P.t. starts tomorrow. Glad. My situation is not dire, but it could go there with another illness or an injury. Regular meals have not, so far, increased my weight. I know from experience with Kate that gaining weight can be as hard as losing it.

More imaging. Later this month. Oh, boy.

Weather, though often sunny, remains unseasonably cool. 44 this morning. Warmer starting tomorrow.

Luke and Leo, Gabe and Levi coming today. Gabe for his graduation gift. Luke and Leo for a visit.

Another day viewing the world from the top of Shadow Mountain. Across the way Black Mountain greens up:  lodgepole needles darker, aspen colonies fluttering new green leaves. Two mountains among the many that stretch over three thousand miles from British Columbia to New Mexico.

Bots and Meatsacks

Spring and the Trial Moon

Monday gratefuls:  A quiet stomach. Shadow in the whole yard. Dog treats. Rigel. Hilo. Gabe in L.A. Ruth getting ready for finals.

Rene Good. Alex Pretti. Say their names.

Sparks of Joy and Awe: Healing

 

Kavannah: Netzach. Perseverance. Trial begins on Wednesday. I need netzach as I enter this latest round of treatment.

Tarot: paused

One brief shining: Saw in the NYT this am. Lightning wins half marathon. Time: 50:26. Just under seven minutes faster than the record set last month. By a human. Lightning fell near the finish line. Helped up by human bystanders.

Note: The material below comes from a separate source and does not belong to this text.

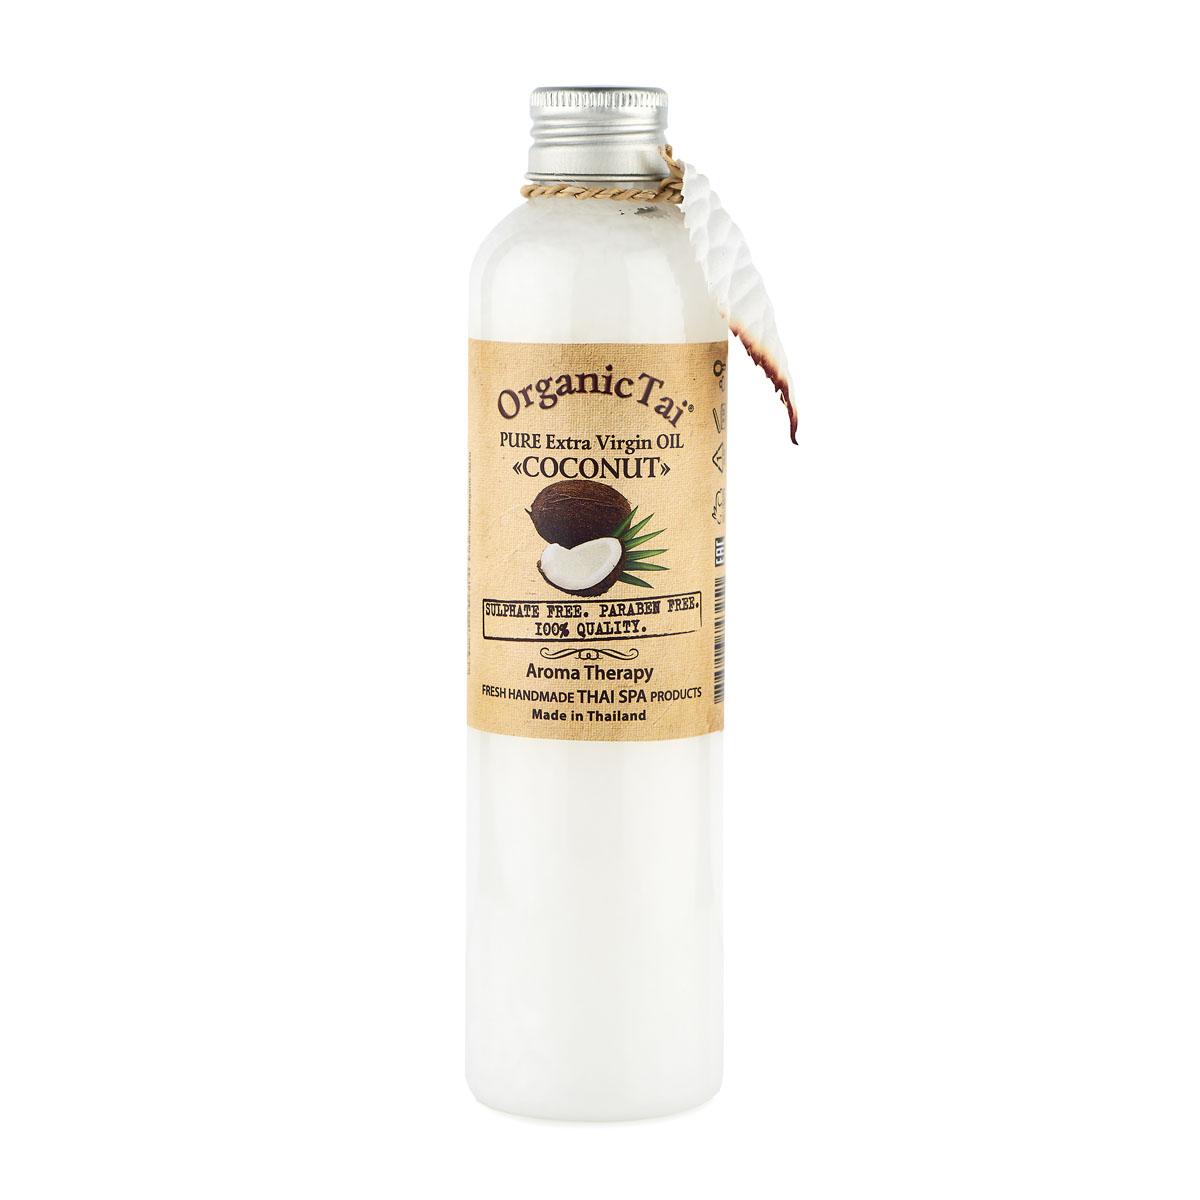 OrganicTai Чистое базовое масло КОКОСА холодного отжима, 260 мл72523WDРУЧНАЯ РАБОТА. ТАЙСКИЙ SPA. АРОМАТЕРАПИЯ. Мастера тайского массажа применяют это масло с давних времен. Идеально подходит для основного ухода за кожей, волосами и для массажа. Волосы укрепляет и питает, придавая им естественный блеск и шелковистость. Служит отличным закрепляющим средством для окрашенных волос, является активным антиоксидантом, предотвращающим преждевременное старение кожи. КОКОСОВОЕ масло — это природный УФ-фильтр, защищает кожу и волосы от интенсивного ультрафиолетового излучения, позволяет избежать солнечных ожогов и получить равномерный красивый загар на долгое время. Массаж способствует более активному проникновению незаменимых полиненасыщенных жирных кислот КОКОСОВОГО МАСЛА в глубокие слои кожи, усиливая его питательные, защитные и омолаживающие свойства. Регулярное применение этого масла с легким приятным тропическим ароматом свежеразломленного кокоса подарит Вашей коже сияние молодостью и красотой. AromaTherapy FRESH HANDMADE THAI SPA PRODUCTS. SULPHATE FREE. PARABEN FREE. 100% QUALITY.

Looking for something non-health related to write about today. The story about Lightning’s record time in a Beijing half-marathon. Yes, please.

300 robots ran alongside human marathoners-separated by metal fencing-but close enough to shake hands over the barrier.

What’s the real comparison? Not robotic marathoner vs human champion. Perhaps a whole human against machines made to mimic a particular human skill.

John Henry. The pile driving man. Remember him? A black worker tasked with drilling holes for dynamite. The legend pits John Henry against a steam-engine driven pile driver. John Henry wins, but dies from the strain. Wish he’d had helping hands like Lightning did.

Got me thinking. How might Jacob Kiplimo, the Ugandan whose time of 57 minutes and 20 seconds set the human record, fare against Lightning? Sure, seven minutes is a big gap, but Kiplimo might run even faster against the robot.

How will we measure flesh and blood against machines built for one task: pile-driving, marathon running. Lightning is purpose built to run marathons. He’s a one-trick robot like the steam-powered pile-driver. But their one-trick is pretty damned good.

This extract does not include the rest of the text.